Improvements to background image detection and extraction across all Automatic APIs. This resolves many issues with proper extraction from sites that use background CSS properties for image delivery.
Improvements to specification extraction in the Product API.
Improvements to HTML <figure> parsing in the Article API.
The diffbotUri value for Custom APIs is now calculated from the entirety of custom content (and can be used to detect changes between extractions).
Various improvements to caption detection and parsing in the Article API.
Crawlbot now adheres to the "Diffbot" user-agent in robots.txt directives, so that our crawling can be whitelisted when crawling partner or other sites.

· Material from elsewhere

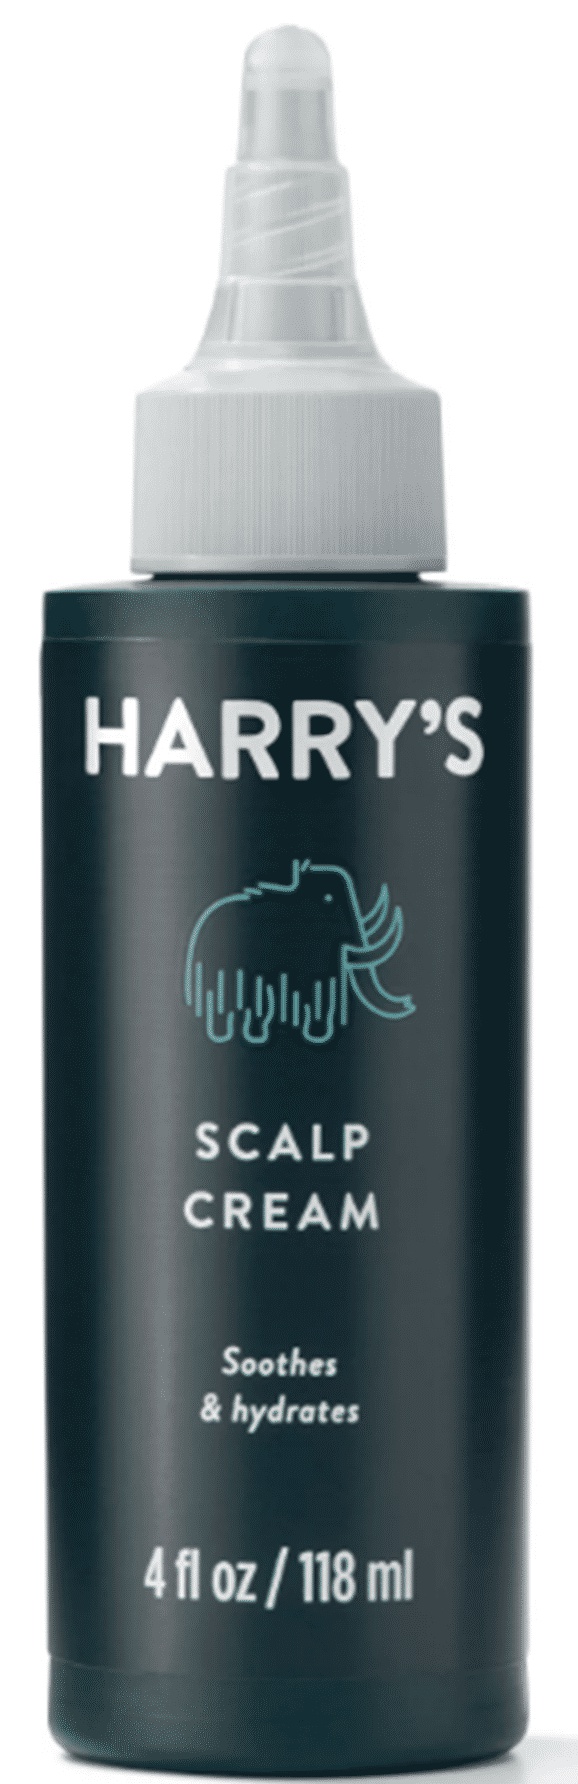 Harry’s Scalp Cream
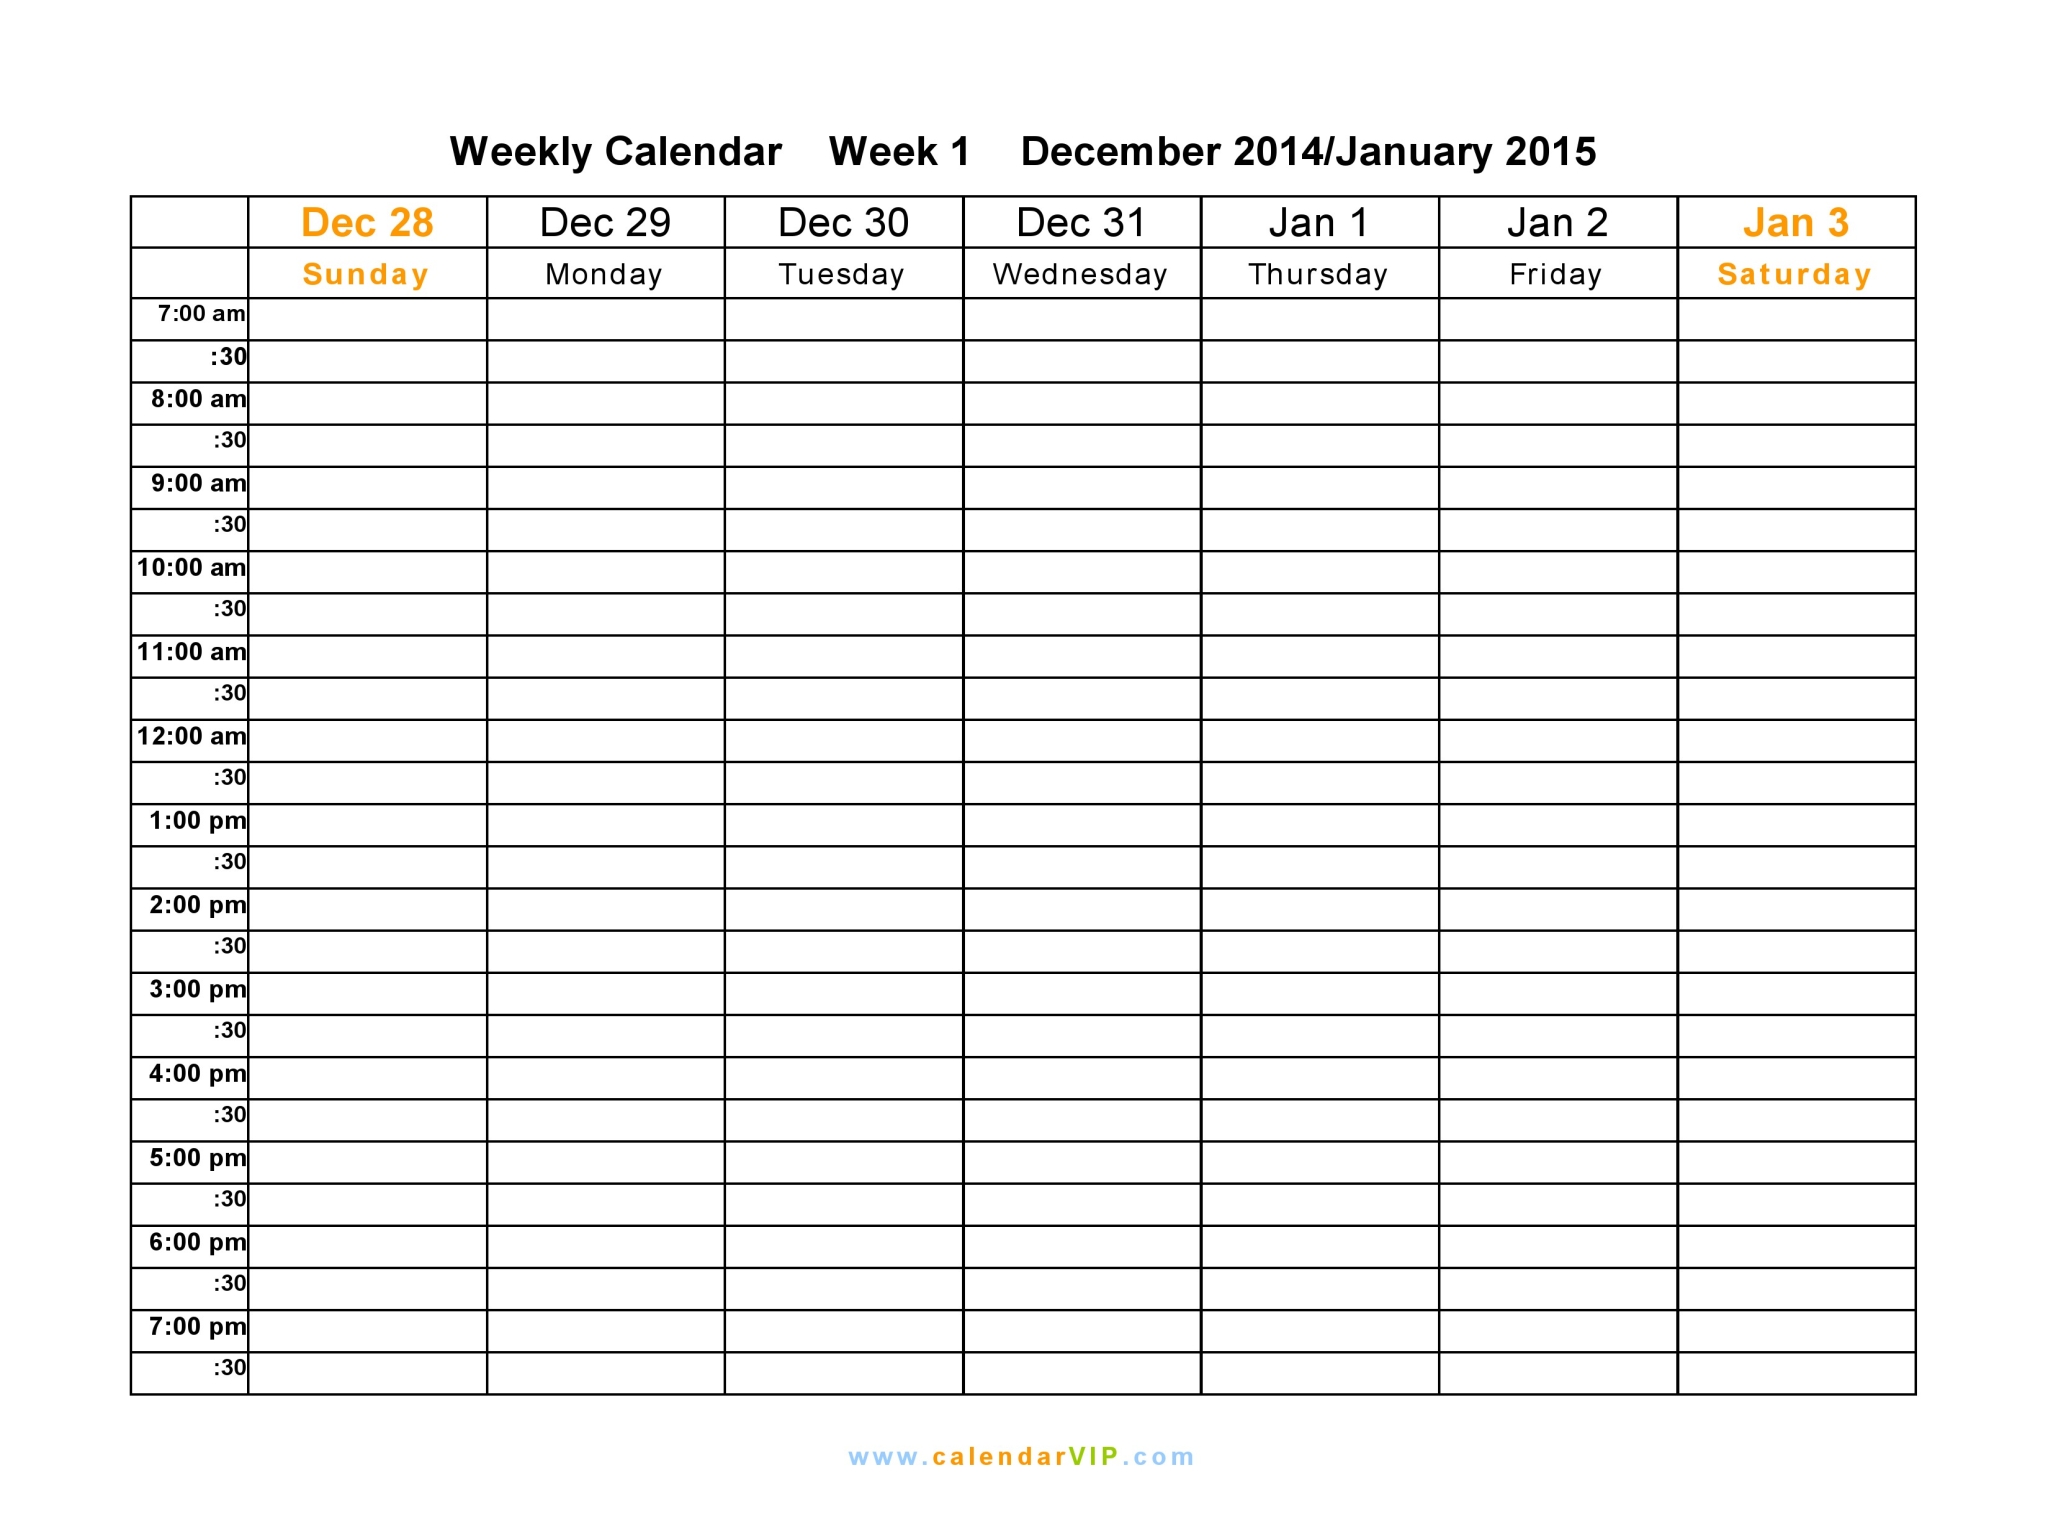 Weekly Calendar Schedule 2015

Numerous improvements to normalizedSpecs in the Product API.
Diffbot Automatic APIs now process PDFs. PDF URLs will be converted to HTML and then analyzed for extractable content. PDFs are not currently supported while crawling.
Crawlbot fixes to reduce DNS errors when starting new crawls or crawl rounds.
Crawlbot and Bulk Processing: deletion of a nonexistent job will no longer return a "success" message.
Improved handling of UTF-8 encoded characters within Crawlbot.
Fixed an issue where large Crawlbot and Bulk job downloads would prematurely terminate.
Added beta support for executing custom Javascript before processing a page via an extraction API. See Analyze API example (works with all Automatic and Custom APIs).